Hmm but won't that give the output plugin even transactions that were
later aborted? That seems quite different behavior from how the txn
parameter works everywhere else.

>
>> +/*
>> + * Handle rmgr LOGICALMSG_ID records for DecodeRecordIntoReorderBuffer().
>> + */
>> +static void
>> +DecodeLogicalMsgOp(LogicalDecodingContext *ctx, XLogRecordBuffer *buf)
>> +{
>> +    SnapBuild  *builder = ctx->snapshot_builder;
>> +    XLogReaderState *r = buf->record;
>> +    uint8        info = XLogRecGetInfo(r) & ~XLR_INFO_MASK;
>> +    xl_logical_message *message;
>> +
>> +    if (info != XLOG_LOGICAL_MESSAGE)
>> +        elog(ERROR, "unexpected RM_LOGICALMSG_ID record type: %u", info);
>> +
>> +    message = (xl_logical_message *) XLogRecGetData(r);
>> +
>> +    if (message->transactional)
>> +    {
>> +        if (!SnapBuildProcessChange(builder, XLogRecGetXid(r), buf->origptr))
>> +            return;
>> +
>> +        ReorderBufferQueueMessage(ctx->reorder, XLogRecGetXid(r),
>> +                                  buf->endptr,
>> +                                  message->message, /* first part of message is prefix */
>> +                                  message->message_size,
>> +                                  message->message + message->prefix_size);
>> +    }
>> +    else if (SnapBuildCurrentState(builder) == SNAPBUILD_CONSISTENT &&
>> +             !SnapBuildXactNeedsSkip(builder, buf->origptr))
>> +    {
>> +        volatile Snapshot    snapshot_now;
>> +        ReorderBuffer       *rb = ctx->reorder;
>> +
>> +        /* setup snapshot to allow catalog access */
>> +        snapshot_now = SnapBuildGetOrBuildSnapshot(builder, XLogRecGetXid(r));
>> +        SetupHistoricSnapshot(snapshot_now, NULL);
>> +        rb->message(rb, NULL, buf->origptr, message->message,
>> +                    message->message_size,
>> +                    message->message + message->prefix_size);
>> +        TeardownHistoricSnapshot(false);
>> +    }
>> +}
>
> A number of things:
> 1) The SnapBuildProcessChange needs to be toplevel, not just for
>     transactional messages - we can't yet necessarily build a snapshot.
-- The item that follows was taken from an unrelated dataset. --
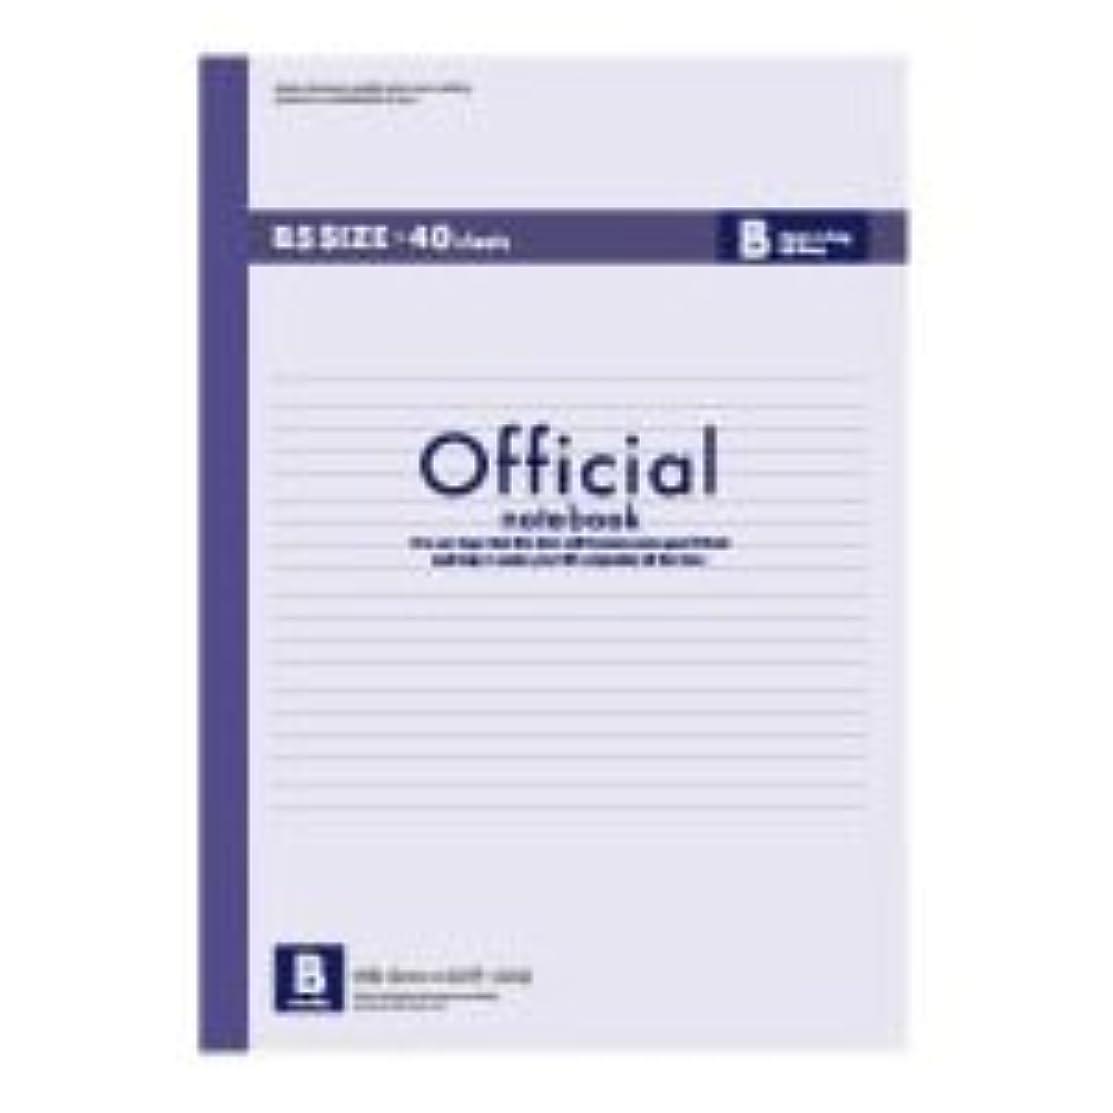 ベイビー冊子依存アピカ オフィシャルノート40枚 B罫 6B4F 00069260 【まとめ買い10冊セット】

Nope, the snapshot state is checked in the else if.

> 2) I'm inclined to move even the non-transactional stuff to reorderbuffer.
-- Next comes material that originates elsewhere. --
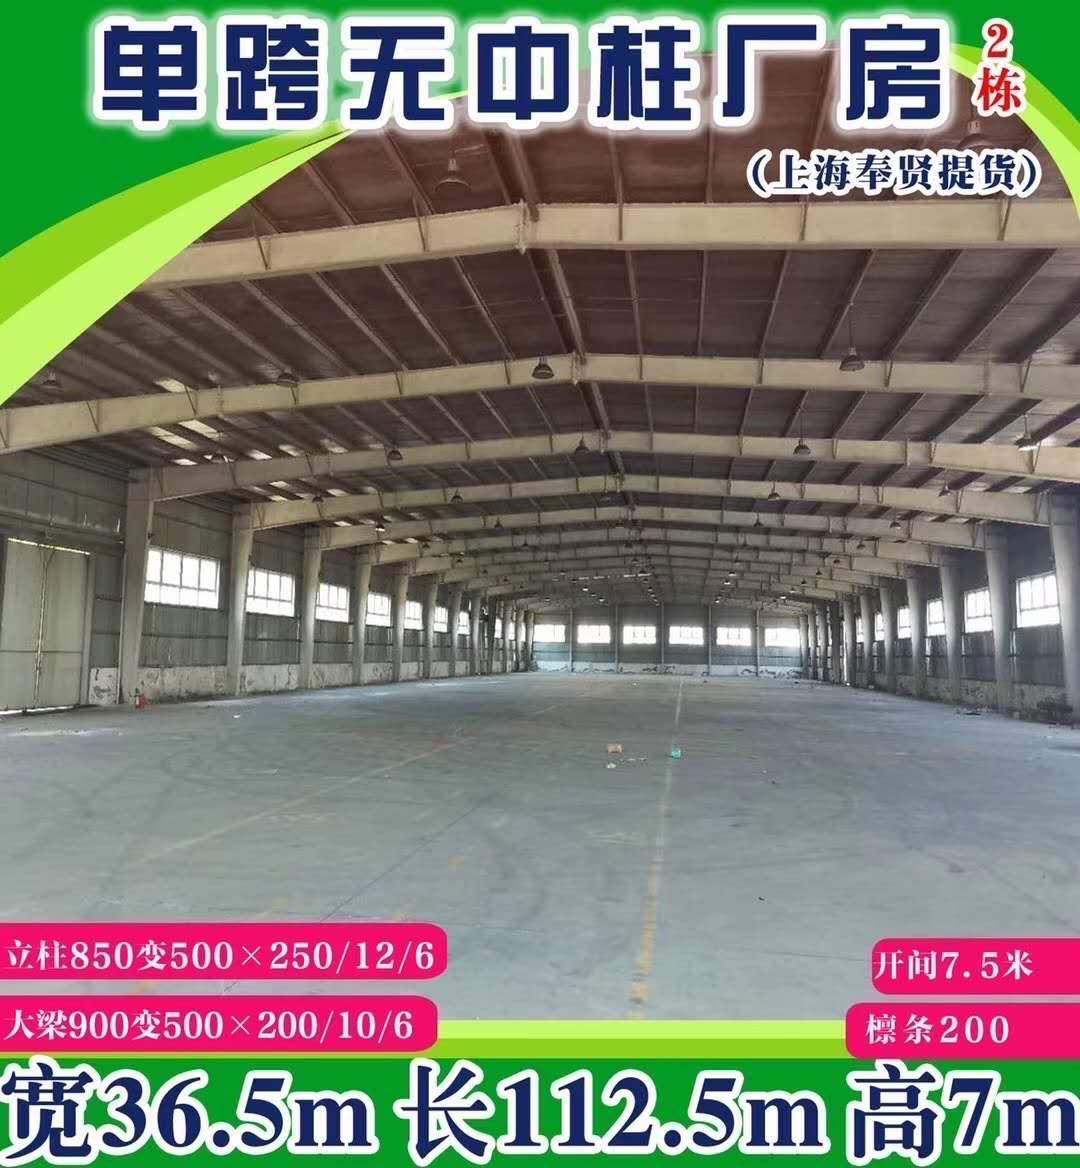 石家庄出售钢结构厂房宽36.5米 长112.5米 高7米

Well, it's not doing anything with reorderbuffer but sure it can be done
(didn't do it in the attached though).

> 3) This lacks error handling, we surely don't want to error out while
>     still having the historic snapshot setup
> 4) Without 3) the volatile is bogus.
> 5) Misses a ReorderBufferProcessXid() call.

Fixed (all 3 above).

>
>
>> @@ -414,6 +414,14 @@ ReorderBufferReturnChange(ReorderBuffer *rb, ReorderBufferChange *change)
>>                   change->data.tp.oldtuple = NULL;
>>               }
>>               break;
>> +        case REORDER_BUFFER_CHANGE_MESSAGE:
>> +            if (change->data.msg.prefix != NULL)
>> +                pfree(change->data.msg.prefix);
>> +            change->data.msg.prefix = NULL;
>> +            if (change->data.msg.message != NULL)
>> +                pfree(change->data.msg.message);
>> +            change->data.msg.message = NULL;
>> +            break;
>
> Hm, this will have some overhead, but I guess the messages won't be
> super frequent, and usually not very large.
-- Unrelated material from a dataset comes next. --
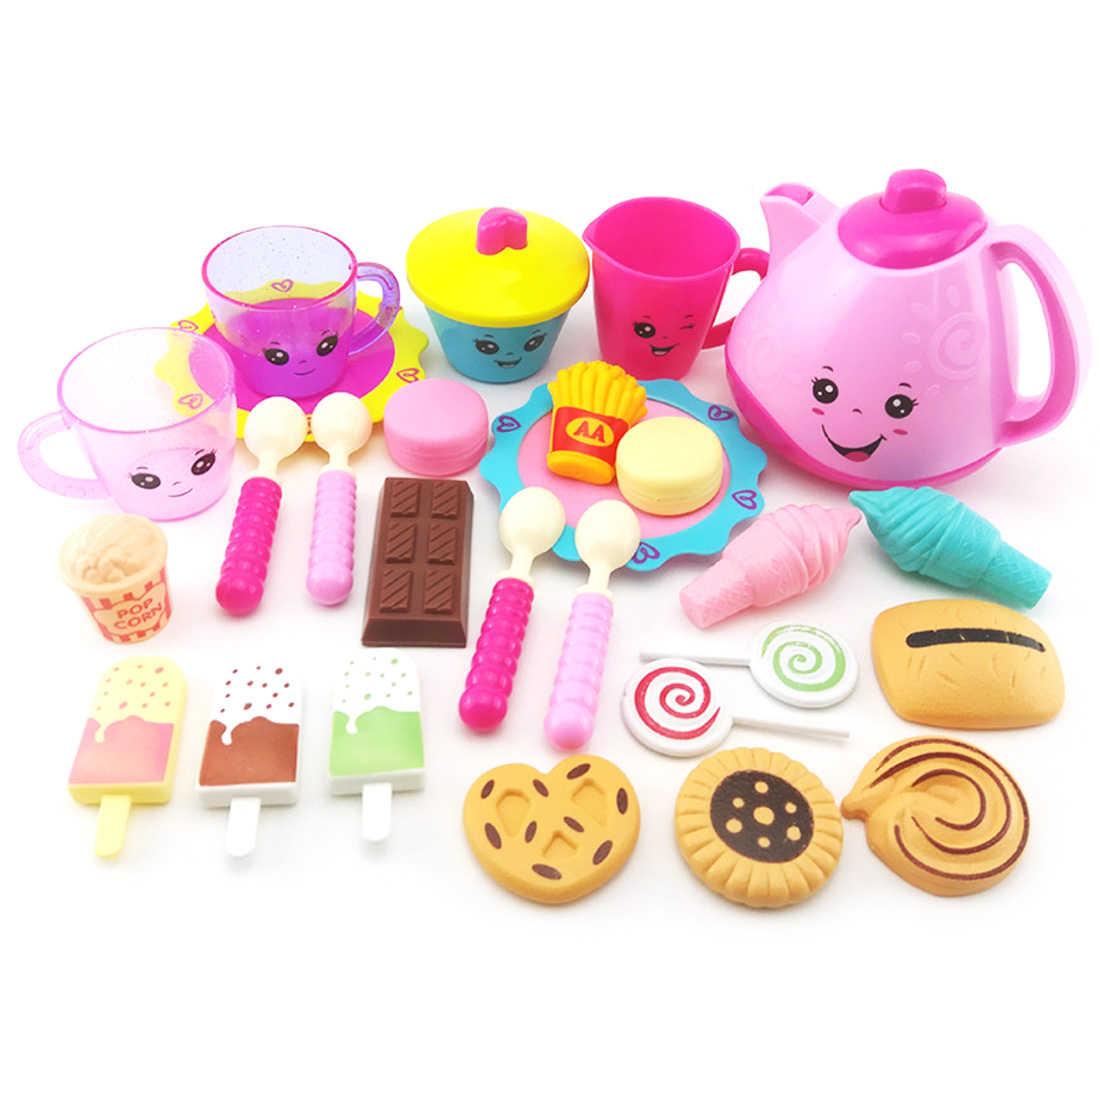 28 шт., детские игрушки для ролевых игр, послеобеденный чай, чайный горшок для девочек, детский игрушечный миксер, розовый

Yeah but since we don't really know the size of the future messages it's
hard to have some preallocated buffer for this so I dunno how else to do it.

>
>> +/*
>> + * Queue message into a transaction so it can be processed upon commit.
>> + */
>> +void
>> +ReorderBufferQueueMessage(ReorderBuffer *rb, TransactionId xid, XLogRecPtr lsn,
>> +                          const char *prefix, Size msg_sz, const char *msg)
>> +{
>> +    ReorderBufferChange *change;
>> +
>> +    Assert(xid != InvalidTransactionId);
>> +
>> +    change = ReorderBufferGetChange(rb);
>> +    change->action = REORDER_BUFFER_CHANGE_MESSAGE;
>> +    change->data.msg.prefix = pstrdup(prefix);
>> +    change->data.msg.message_size = msg_sz;
>> +    change->data.msg.message = palloc(msg_sz);
>> +    memcpy(change->data.msg.message, msg, msg_sz);
>> +
>> +    ReorderBufferQueueChange(rb, xid, lsn, change);
>> +}
>
> I'm not sure right now if there's any guarantee that the current memory
> context is meaningful here? IIRC other long-lived allocations explicitly
> use a context?
>

I didn't find any explicit guarantee so I added one.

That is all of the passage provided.